Davis McLarty has served as the Mystery Band drummer since 1996’s Human Remains, but his presence is pronounced here. He comes most alive halfway through the album on the militant “American Childhood I: Civil Defense,” one of two tracks where the bass and cello cede control of the rhythm section to the drums. The other is “Abandonitis,” which features Allen’s son Bale on the djembe as a curmudgeonly Allen reminds the younger generation how universal life’s cruelties can be: “Maybe your sister’s in jail/Your brother’s a punk/Your folks are both dead/Or maybe just drunk/Feel all alone/So sorry for yourself/But just stand in line/Like everybody else.”
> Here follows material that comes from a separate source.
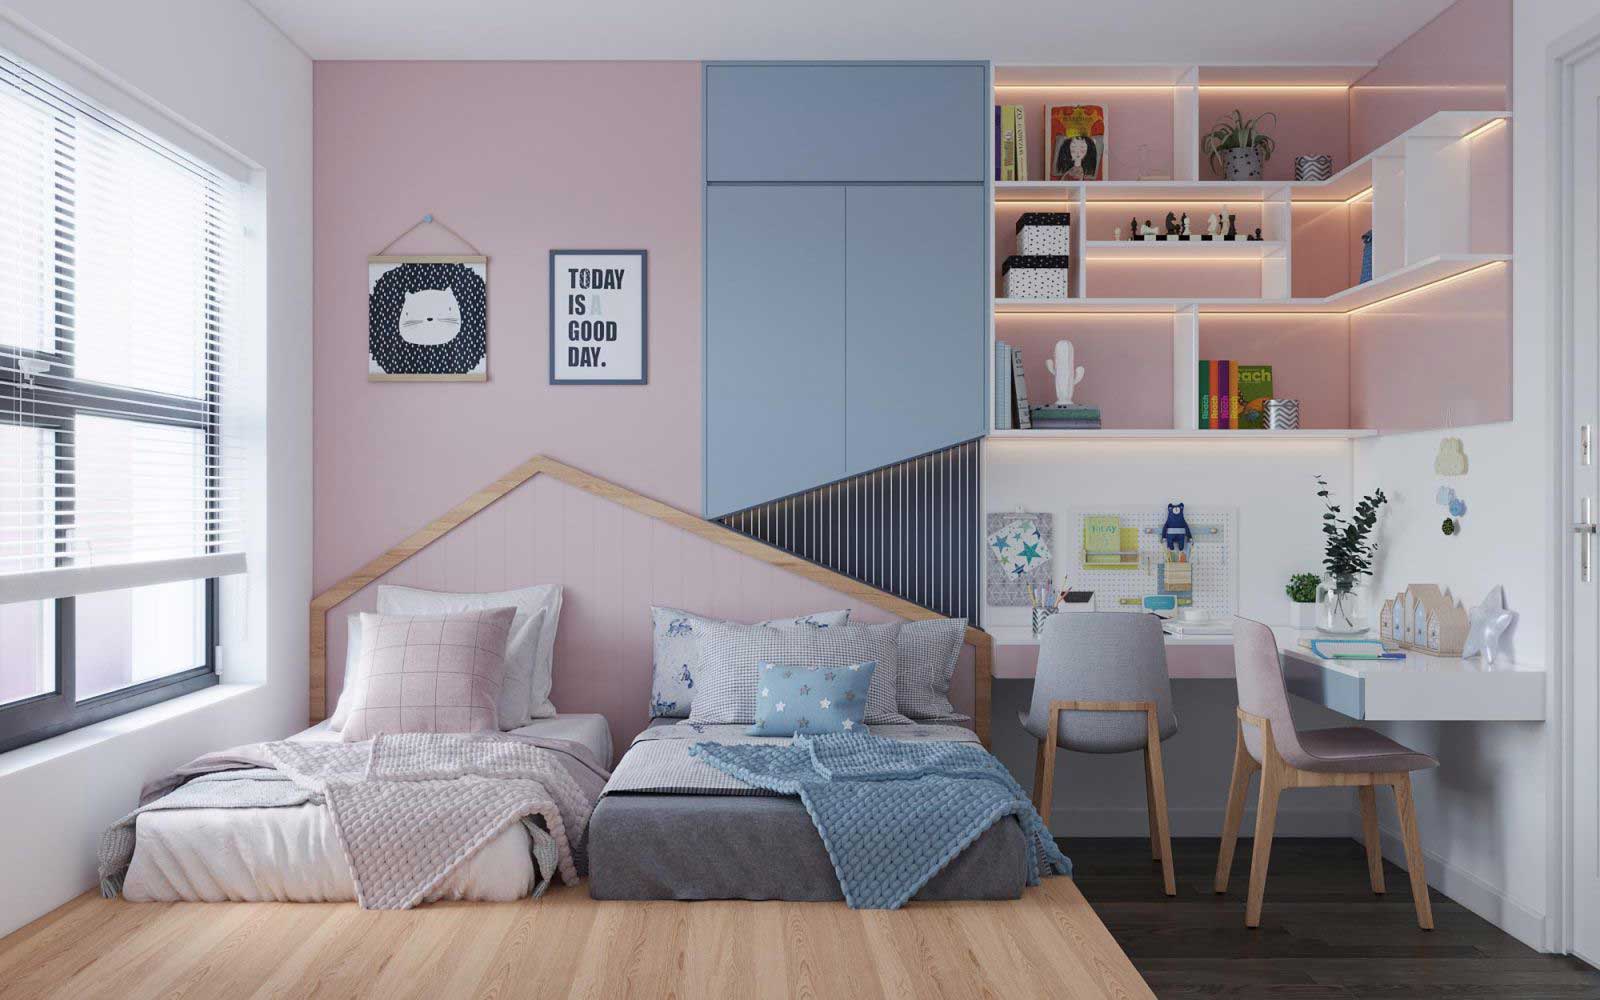 30 Mẫu thiết kế phòng ngủ đơn giản mà đẹp rạng ngời  ROMAN
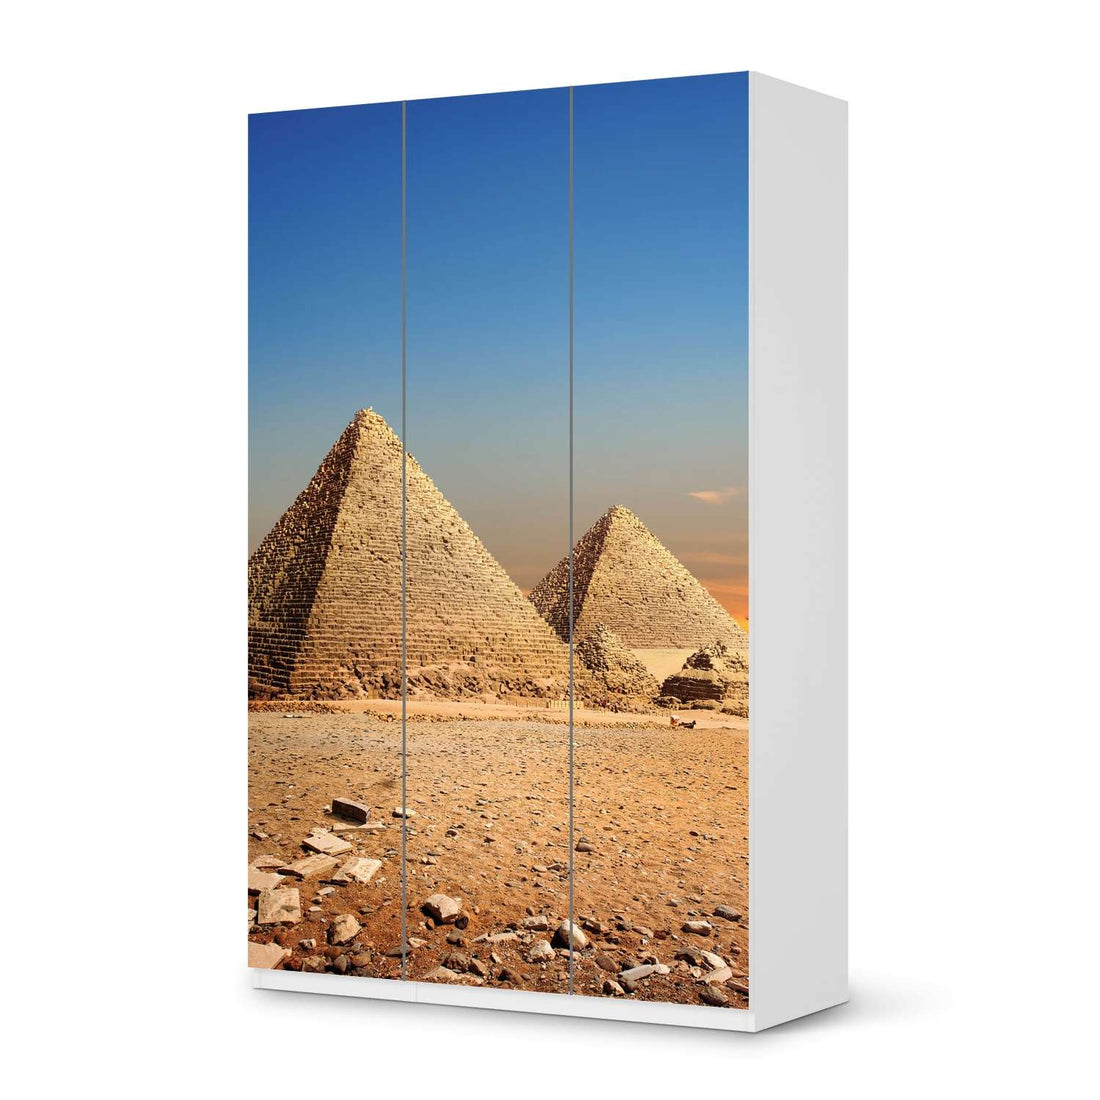 Selbstklebende Folie Pyramids - IKEA Pax Schrank 236 cm Höhe - 3 Türen - weiss

Abandonment and sorrow are two of the record’s dozen or so related themes; there’s also endless war and the fallibility of memory, topics the satirical “American Childhood” triptych captures with simple, heartbreaking truths. “It’s just the war/Same fucking war/It’s always been/It never ends,” Allen laments bluntly, drawing connections between Vietnam and Iraq. Thankfully, for every devastating literalism, there’s an equal burst of menacingly surreal imagery: a burning mobile home, a gang of murderous pirates, a child riding a squeaky bike through an abandoned town. The tendency for contradictions is evident on “Harmony Two”—a song seemingly about a high-speed chase, set to the sleepy pace of a drifting houseboat. Written by Allen’s wife and collaborator Jo Harvey Allen, it’s characteristic of an outlook on life that falls somewhere between “everything’s on fire” and “it’s 5 o’clock somewhere.”

It’s for this very reason that, at a time when crisis mode feels like the new normal, Just Like Moby Dick is worthy of an earnest listen. Perhaps the serene perspective Allen embodies is only available to those—like fellow songwriters Randy Newman and John Prine—who have lived long enough to witness tragedy become comedy. He doesn’t dismiss the calamities we face; life’s not a complete joke. But when it strikes you with a thousand harpoons, what choice do any of us have but to carry on as best we can?